# BluRay - Wireless MP3 stream from PC?



## torreykite (Jul 7, 2009)

So I was checking out the latest BluRay players and noticed a bunch of them had wireless connectivity listed as a feature. I knew this was used to pulldown extra bluray content and ocasional updates... but then I saw that some like the Samsung BD-P4600 are claiming that it comes with a 


> Wireless receiver dongle
> For wirelessly streaming videos, songs and photos from your PC directly to your TV.


btw... this was listed as a distinct item separate from the netflix/pandora features... 
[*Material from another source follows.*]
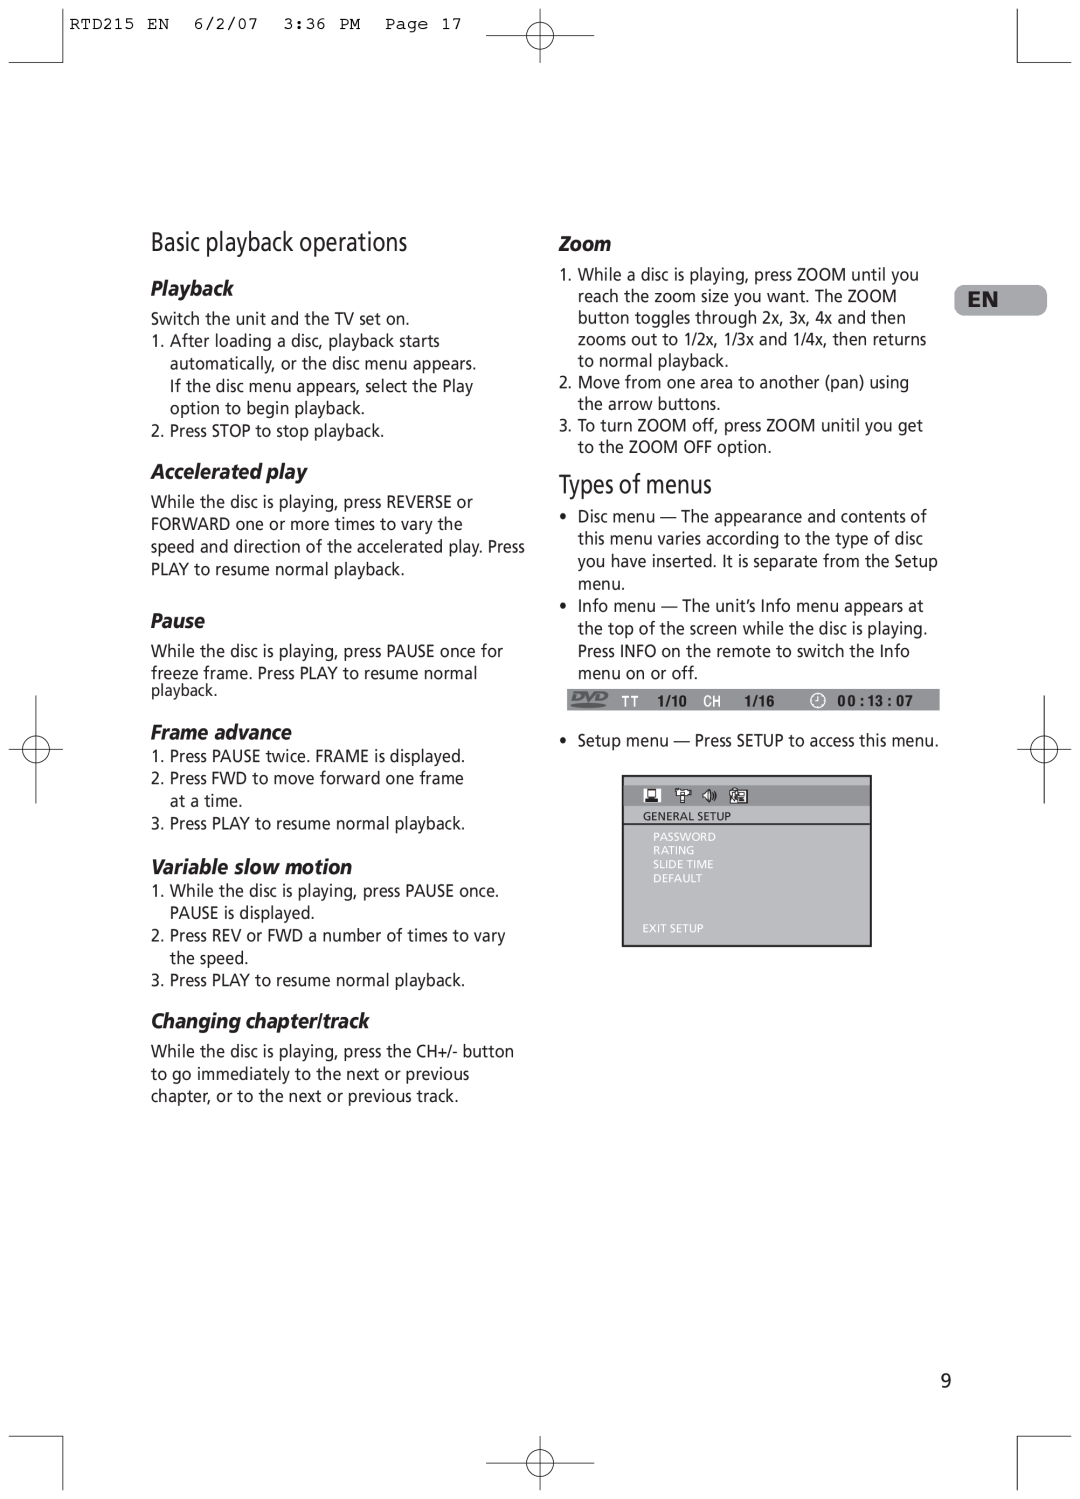 RCA RTD215 user manual Basic playback operations, Types of menus, Playback, Accelerated play, Pause, Frame advance, Zoom 
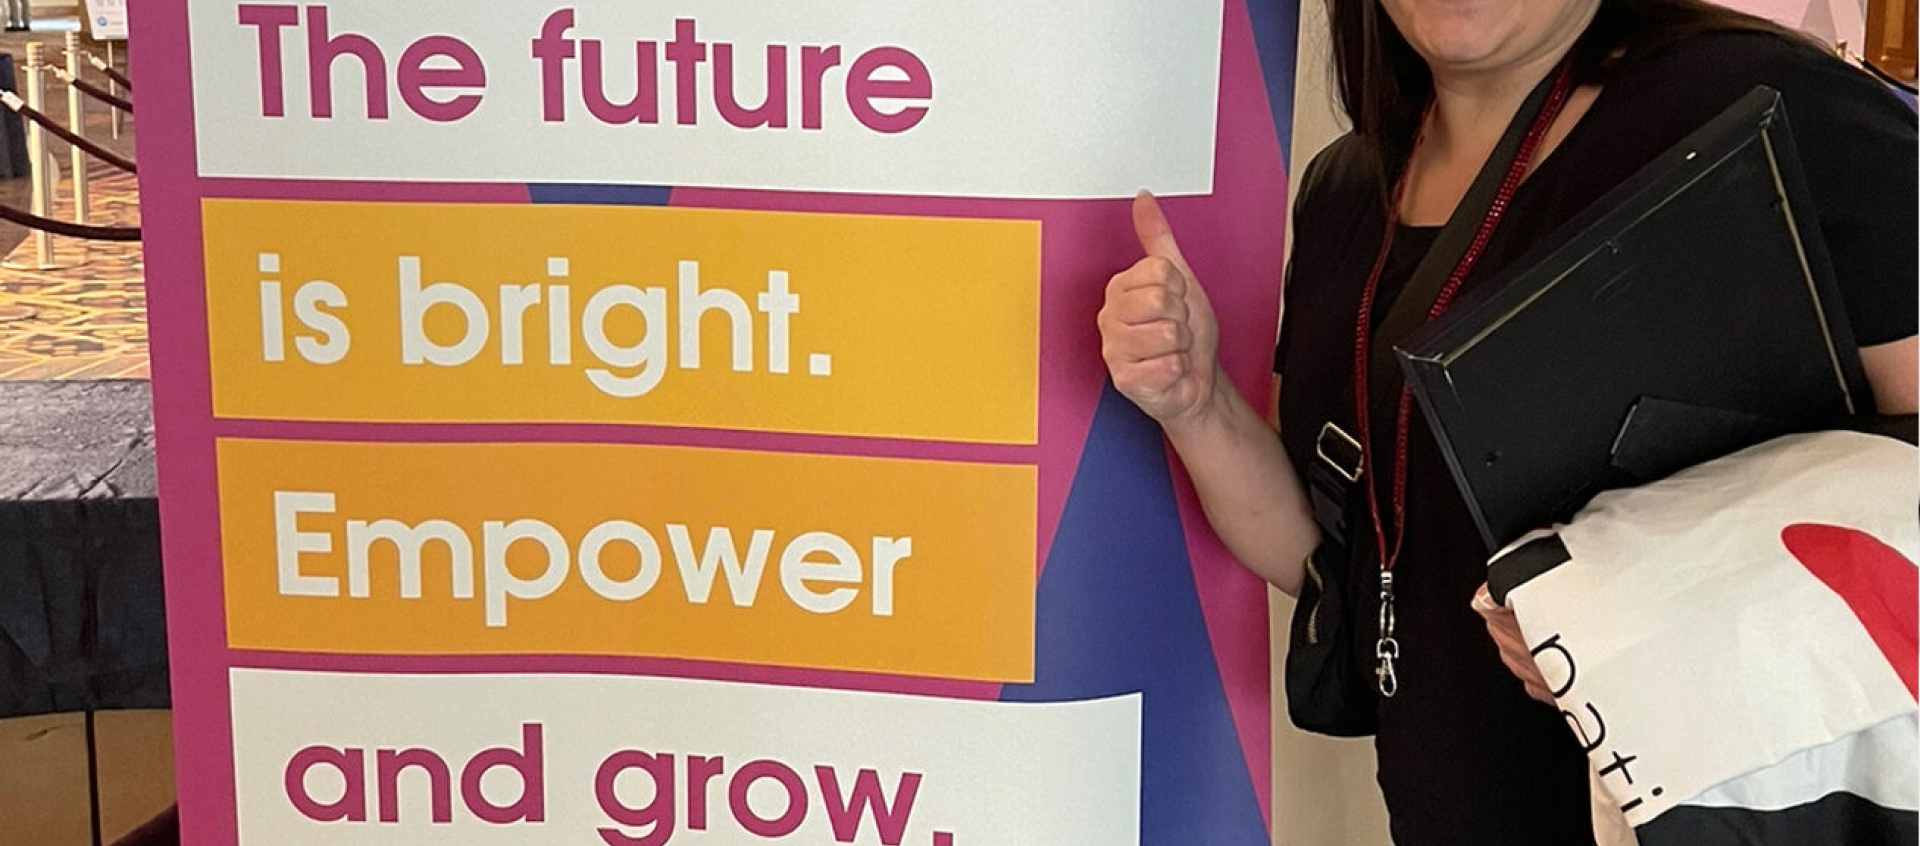 A woman is standing in front of a sign that says `` the future is bright , empower and grow ''.

- Has anyone tried this out? 
- Are there other similar products that do the same thing?
- Will the "new thing" be attaching the home theater to the home network?


One of my goals is to have iTunes, photos, home video and Youtube available in my living room.
Is this a solution?


Thanks!

TK


----------



## mechman (Feb 8, 2007)

Sounds cool cause it's wireless. Wonder how the video would travel wireless? :scratch:

I have all of this already with my DirecTV receivers and my PS3. Can't do iTunes (no loss in my opinion) but I can play mp3's, videos, show photos, etc. This is all via a wire though.


----------



## torreykite (Jul 7, 2009)

mechman said:


> Sounds cool cause it's wireless. Wonder how the video would travel wireless? :scratch:
> 
> I have all of this already with my DirecTV receivers and my PS3. Can't do iTunes (no loss in my opinion) but I can play mp3's, videos, show photos, etc. This is all via a wire though.


Good point. depending on the volume of data the network could have some latency. However they are already touting this as a feature to be able to download off the net... when most broadband is 3 to 10 mbps. Many wireless networks are 54 to 108 mbps. I would even be fine with setting up a wired gigabit network.... just to have one standard network for all of my devices.

For the most part my PC usage is around productivity. The productivity center in my house is the Kitchen so that's where my desktop is setup. I'm fine with wiring up the house but the thought of running coaxal (for tv), Eithernet AND HDMI (or some other collection of av cables) is just a pain. 

IMO it's silly to pack a PC with high-end video and sound cards when a BluRay or DVD player is just that... a device that is built to read data and render it in an AV signal. 
Why not just get the data into that same device using a method other than a disc (via sneaker net).

Sorry for the rant... just making conversation. onder:

TK


----------